* Raw data
^^^^

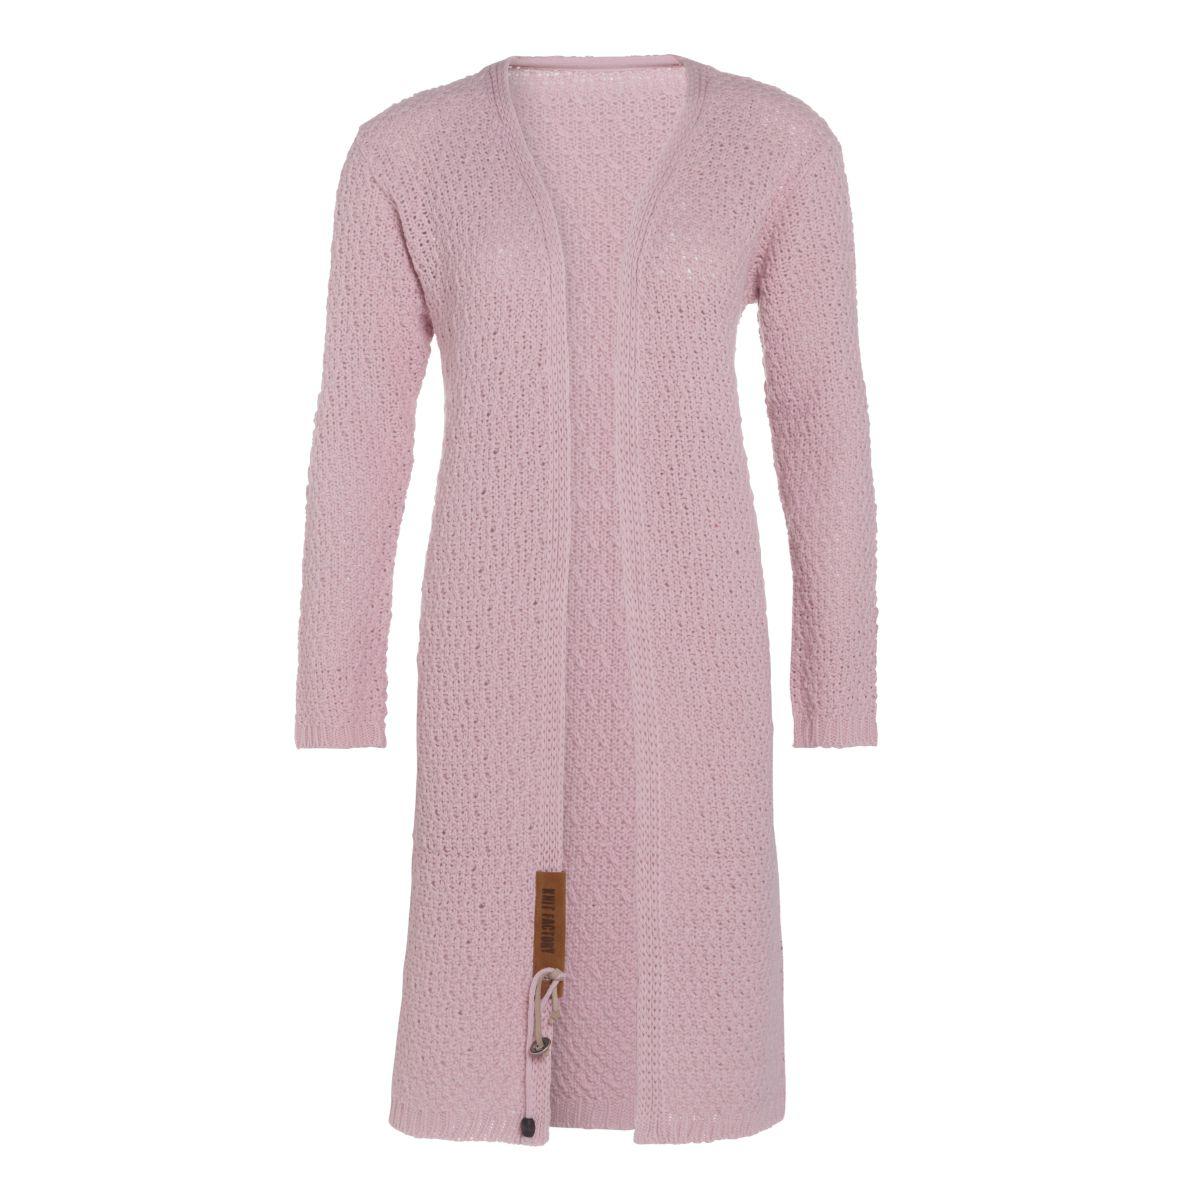 knit factory 1336321 luna vest 4042 roze 1
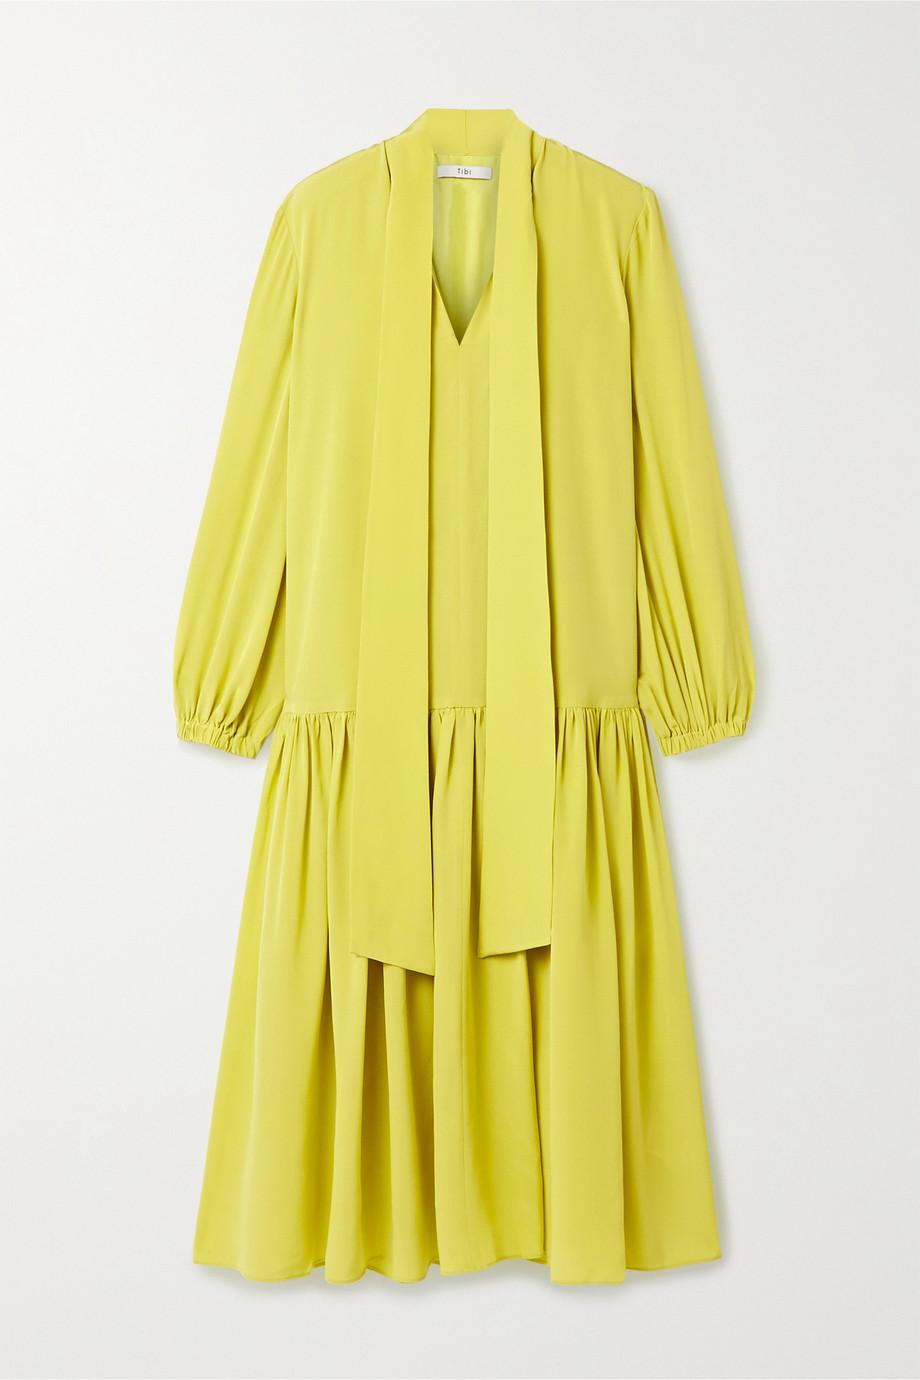 Tibi Tie-neck silk crepe de chine midi dress
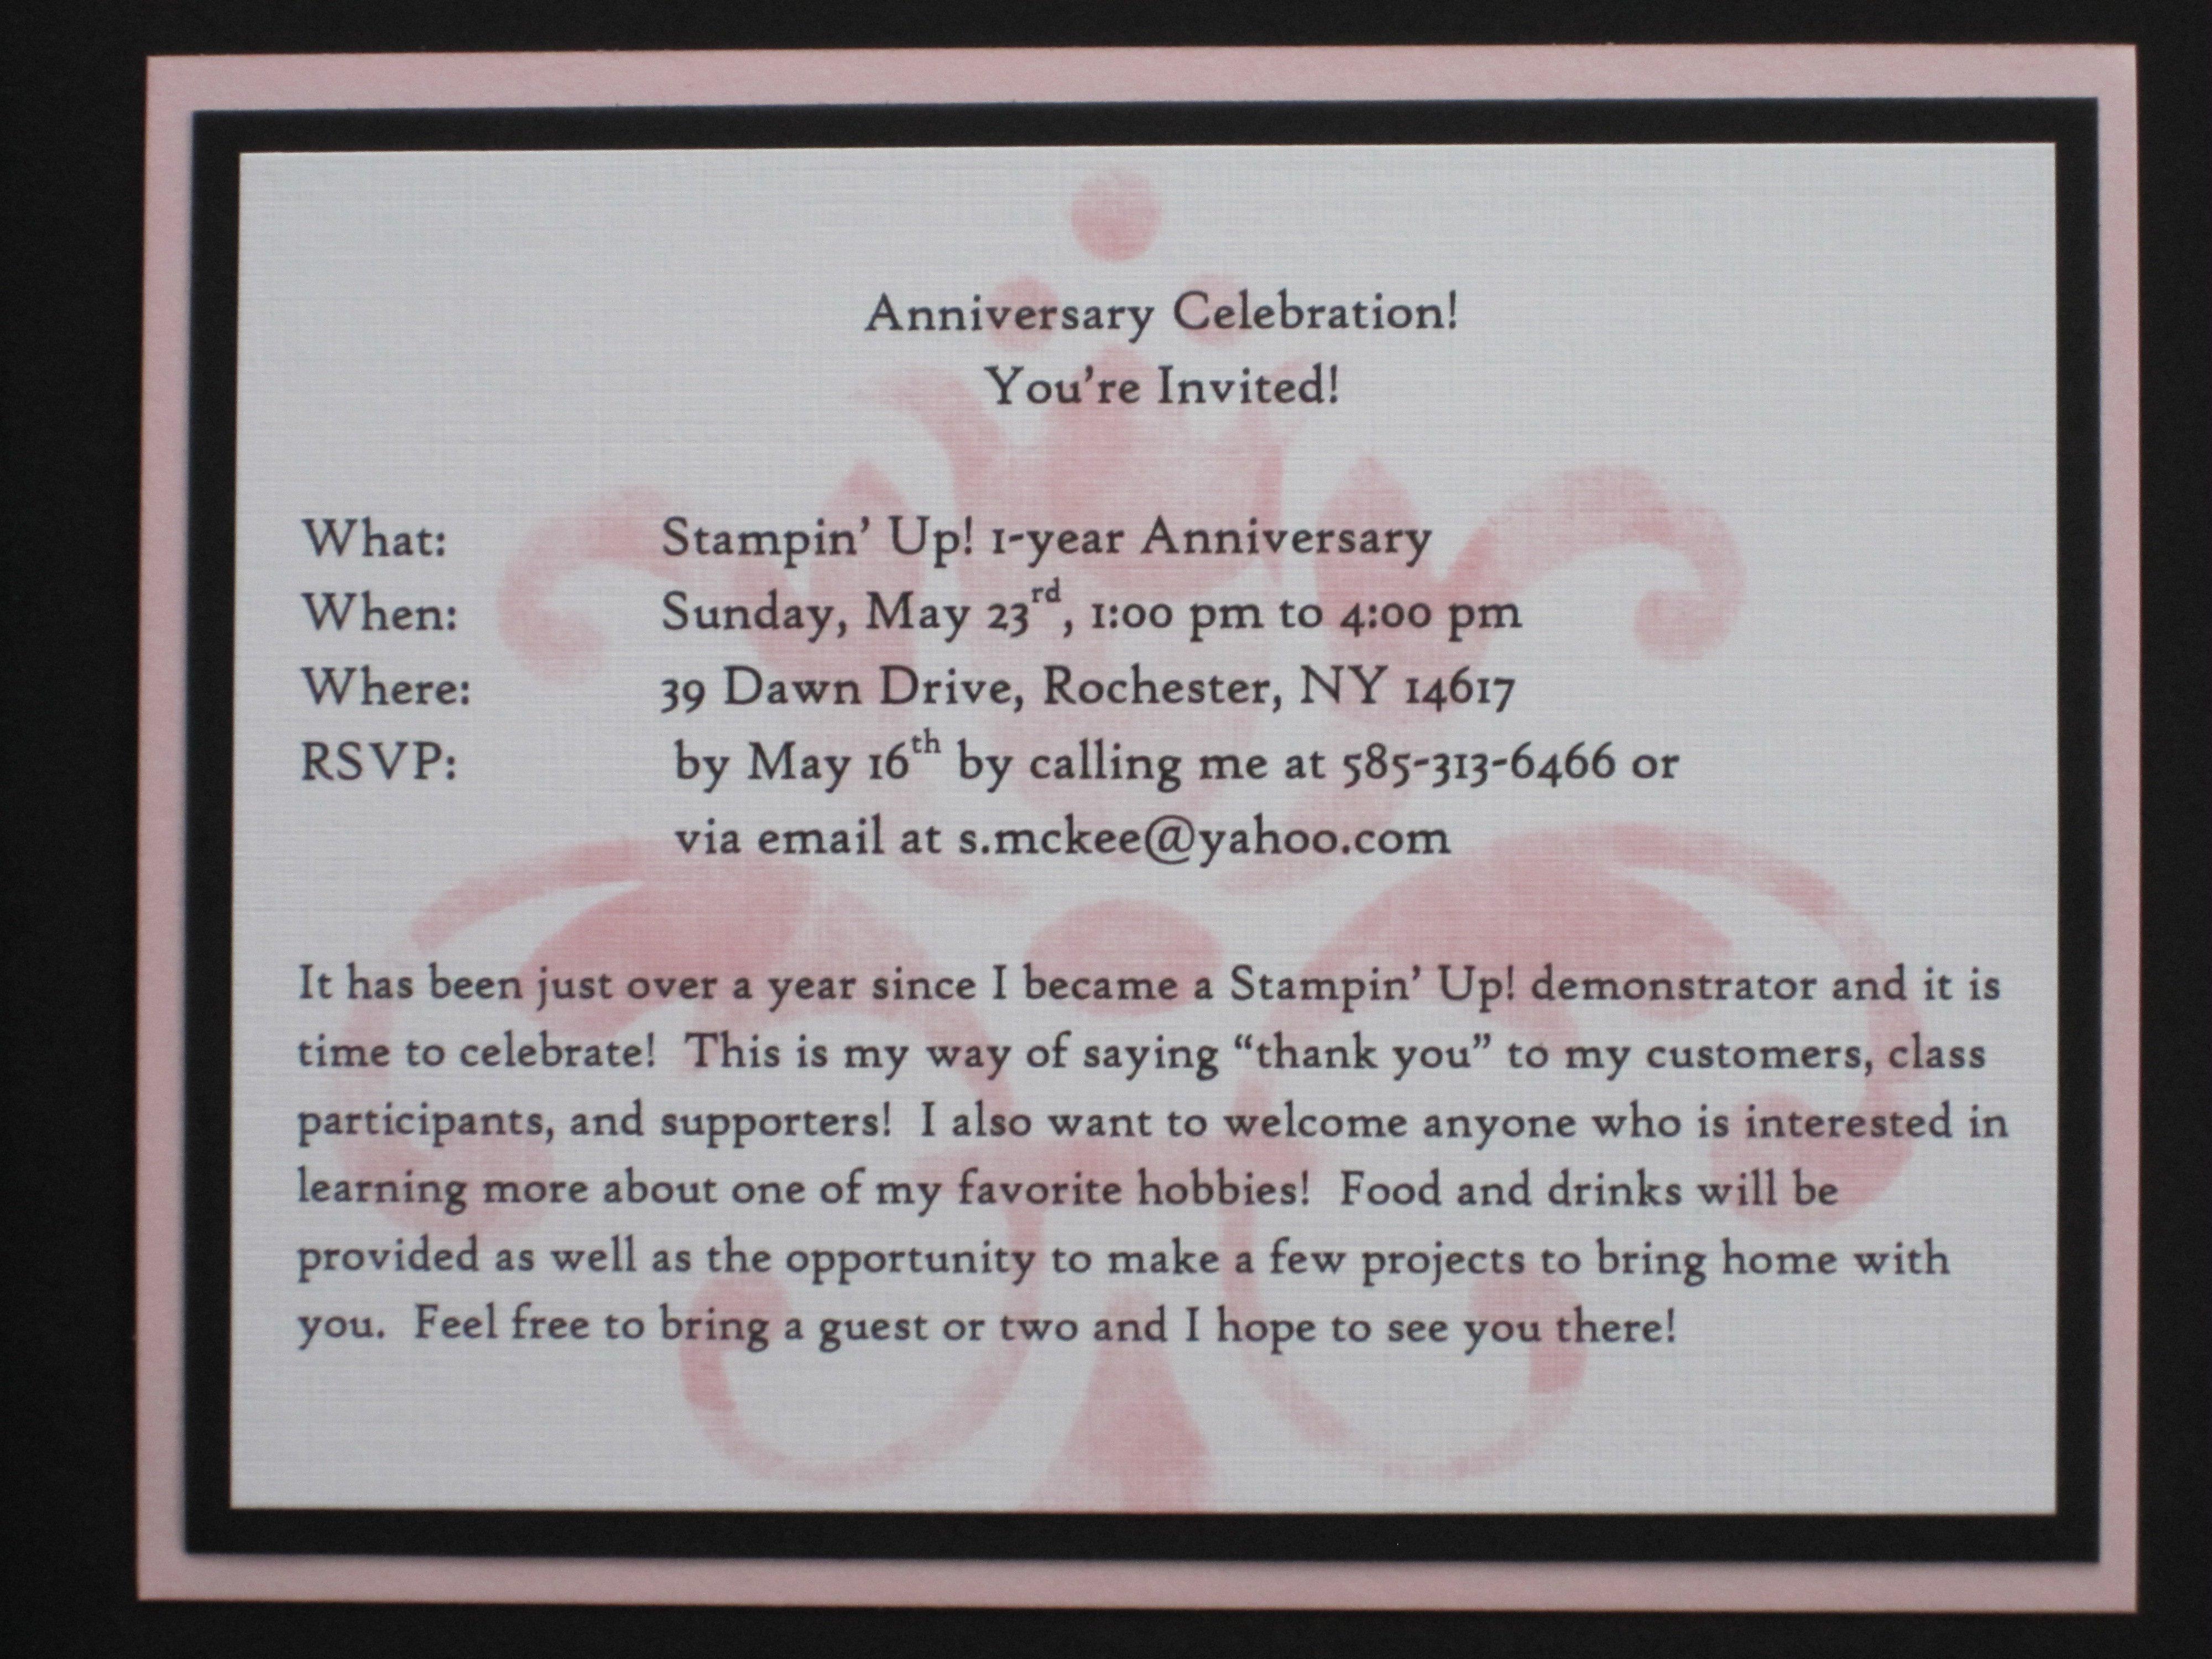 Company Anniversary Invitation Wording Samples

^^^^

* Problem to work on
What you output must match the data exactly, apart from the pictures, which are left out.

* Solution to this task
 knit factory 1336321 luna vest 4042 roze 1
 Tibi Tie-neck silk crepe de chine midi dress
 Company Anniversary Invitation Wording Samples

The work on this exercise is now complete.